Input records:
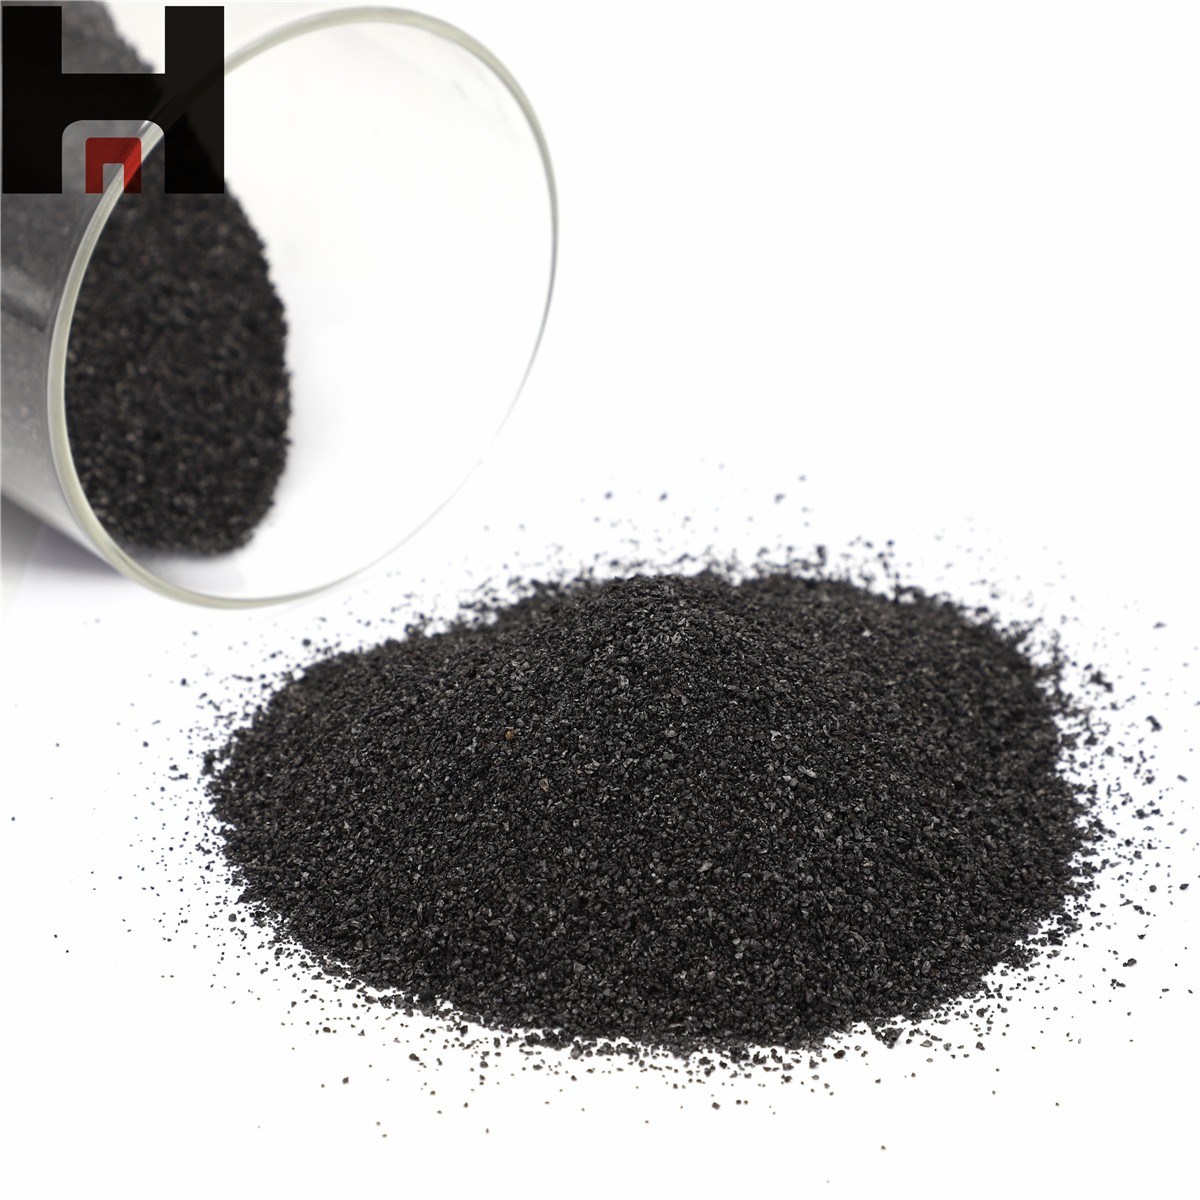 High Carbon Graphite Carbon Raiser GPC Manufacturers, High Carbon Graphite Carbon Raiser GPC Factory, Supply High Carbon Graphite Carbon Raiser GPC
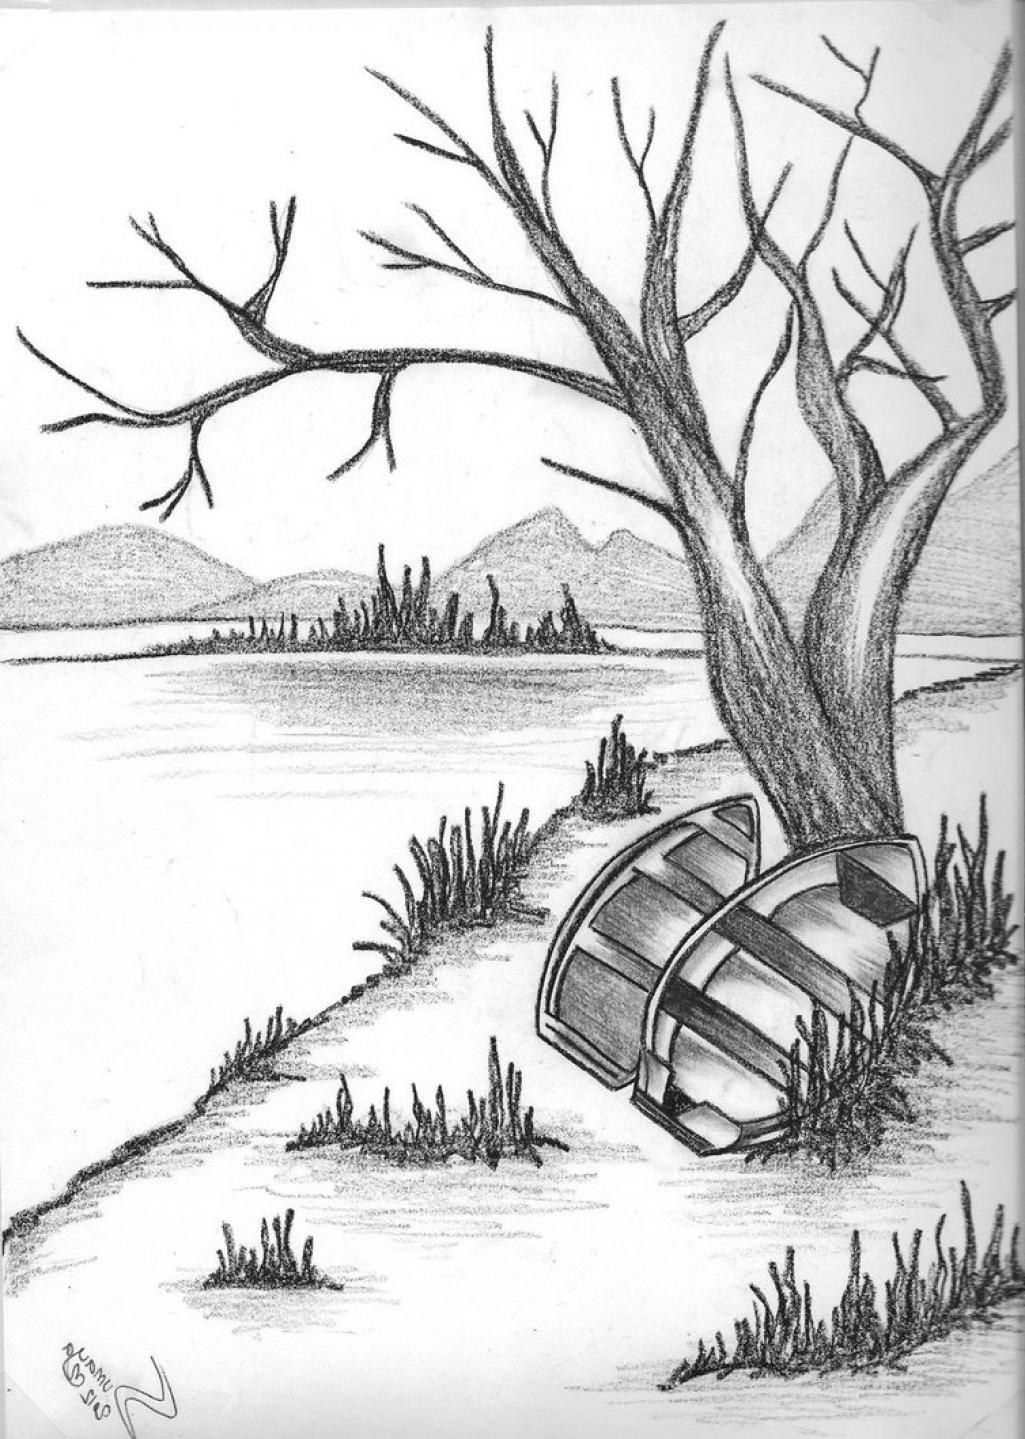 1025x1439 World Paintings Best Pencil Best Of Simple Pencil Sketch
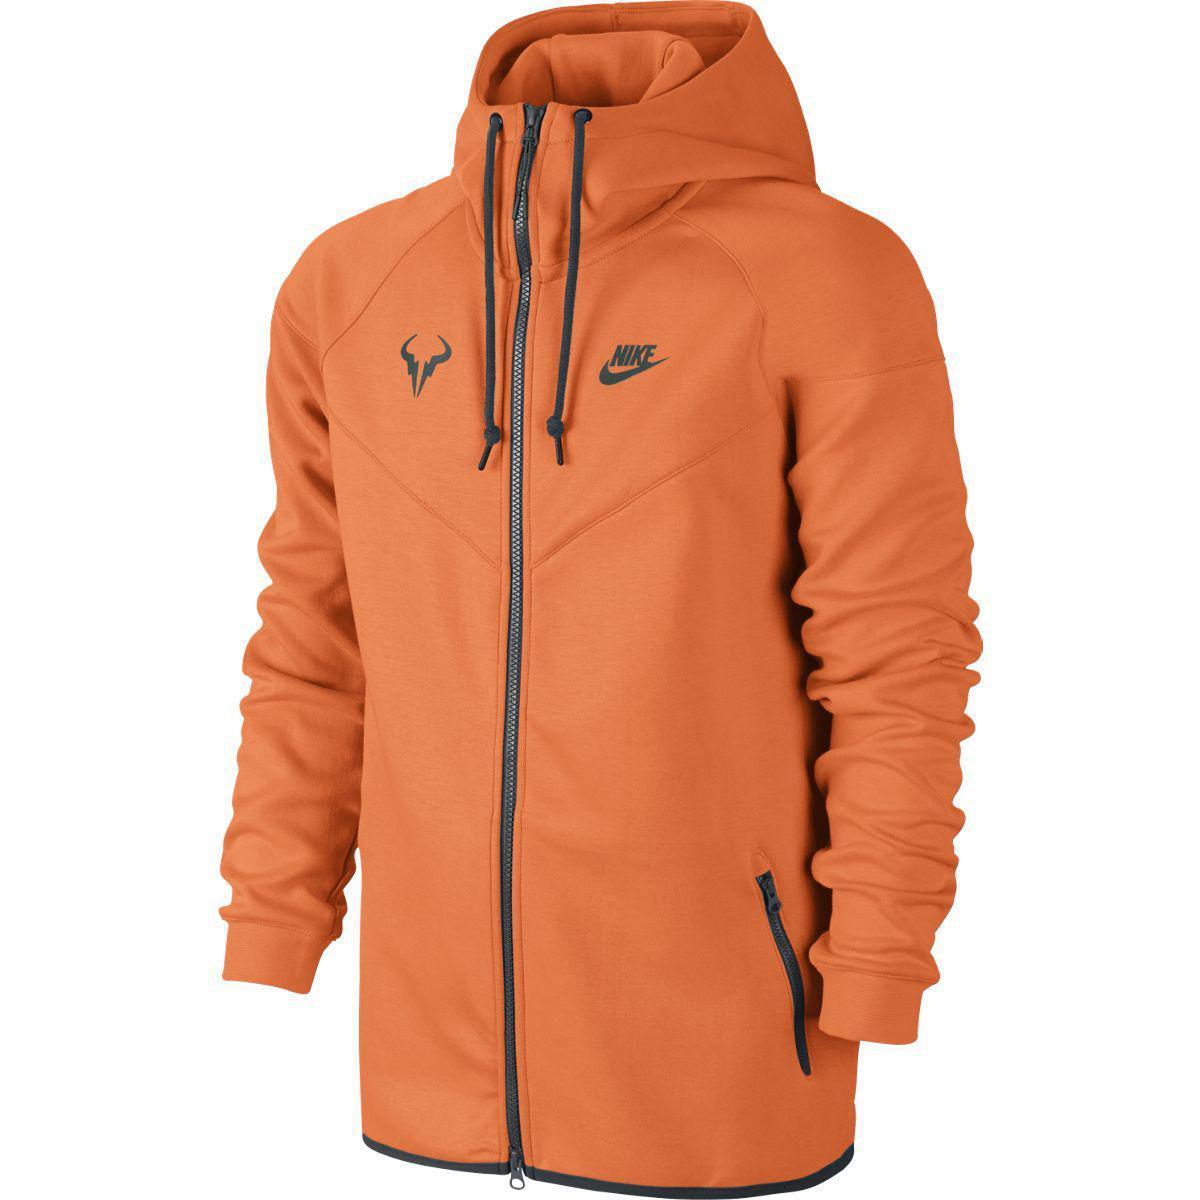 4c45189ee470 Nike Mens Premier Rafa Jacket - Orange Glow - Tennisnuts.com
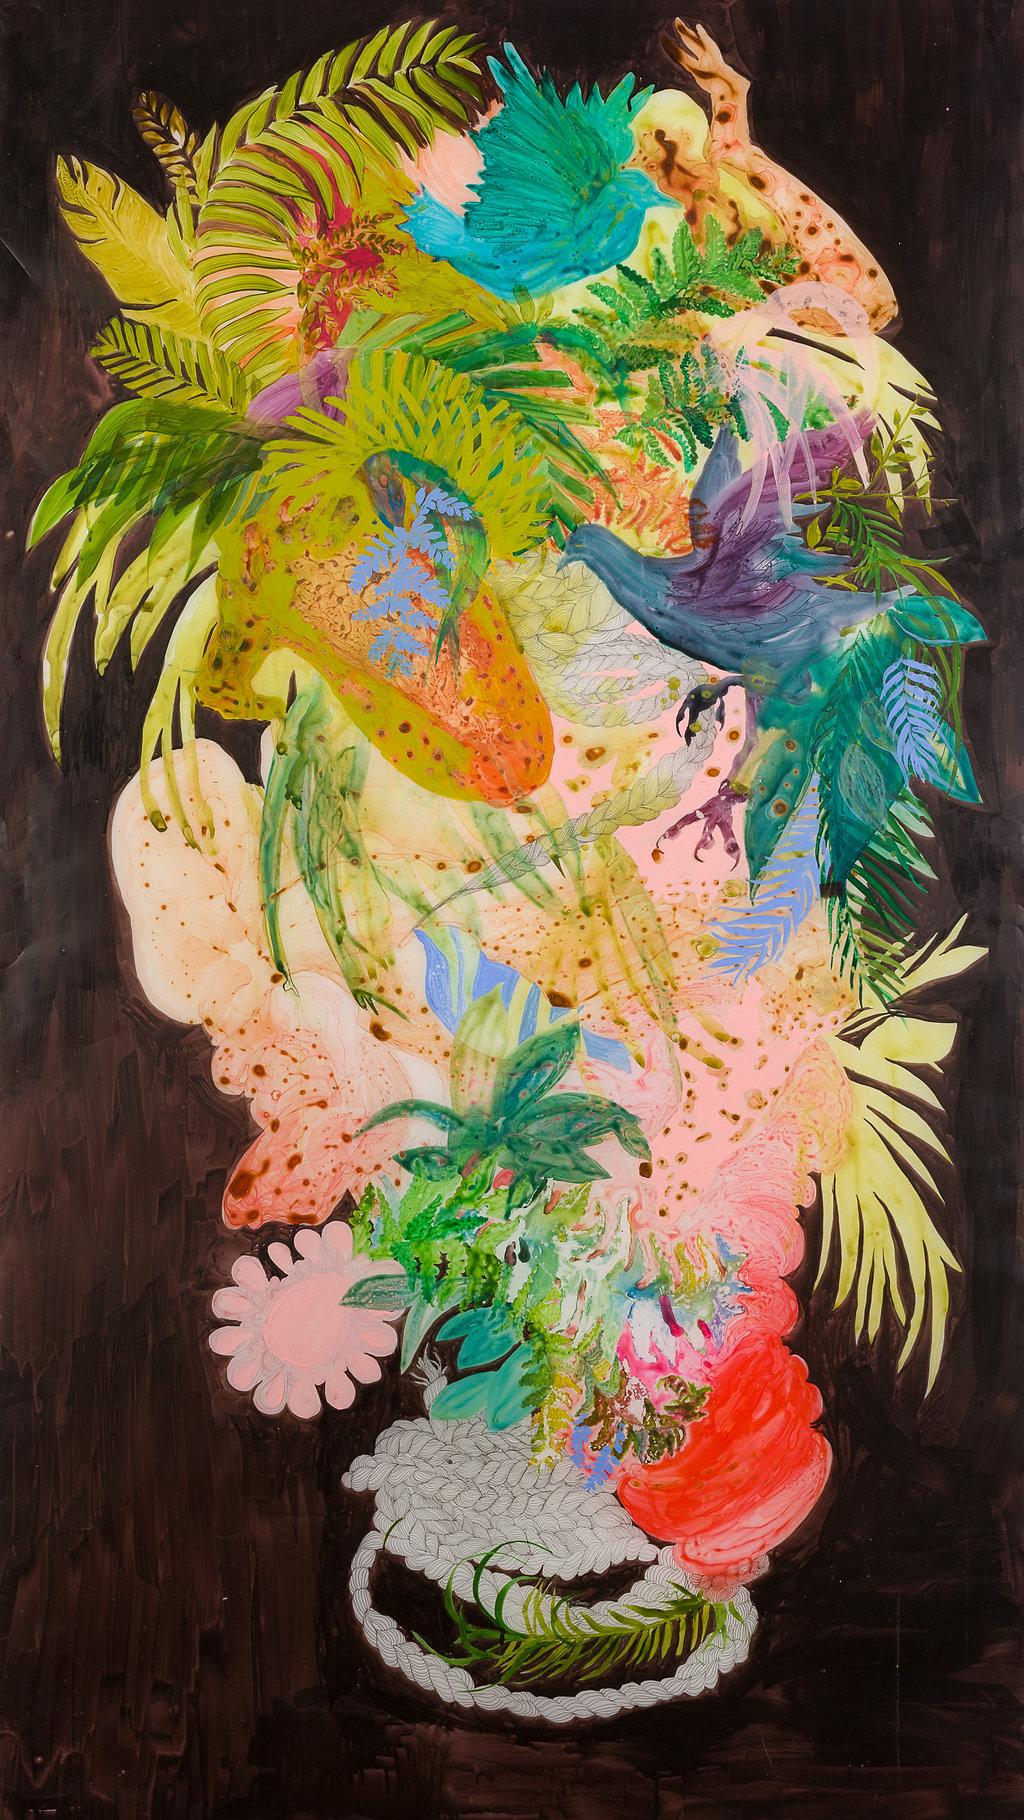 Firelei Báez, Untitled, 2014, acrylic on vellum, 74 x 42 inches (188 x 106.7 cm)
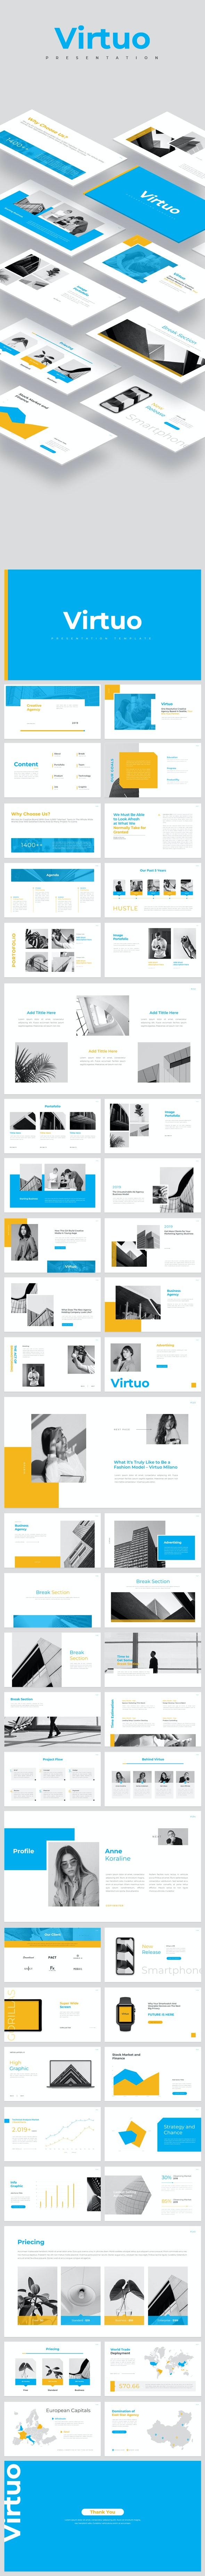 Virtuo Powerpoint - Presentation Templates

Task item: Without the pictures, retype each line of the records above exactly.

Reply to the exercise:
 High Carbon Graphite Carbon Raiser GPC Manufacturers, High Carbon Graphite Carbon Raiser GPC Factory, Supply High Carbon Graphite Carbon Raiser GPC
 1025x1439 World Paintings Best Pencil Best Of Simple Pencil Sketch
 4c45189ee470 Nike Mens Premier Rafa Jacket - Orange Glow - Tennisnuts.com
 Firelei Báez, Untitled, 2014, acrylic on vellum, 74 x 42 inches (188 x 106.7 cm)
 Virtuo Powerpoint - Presentation Templates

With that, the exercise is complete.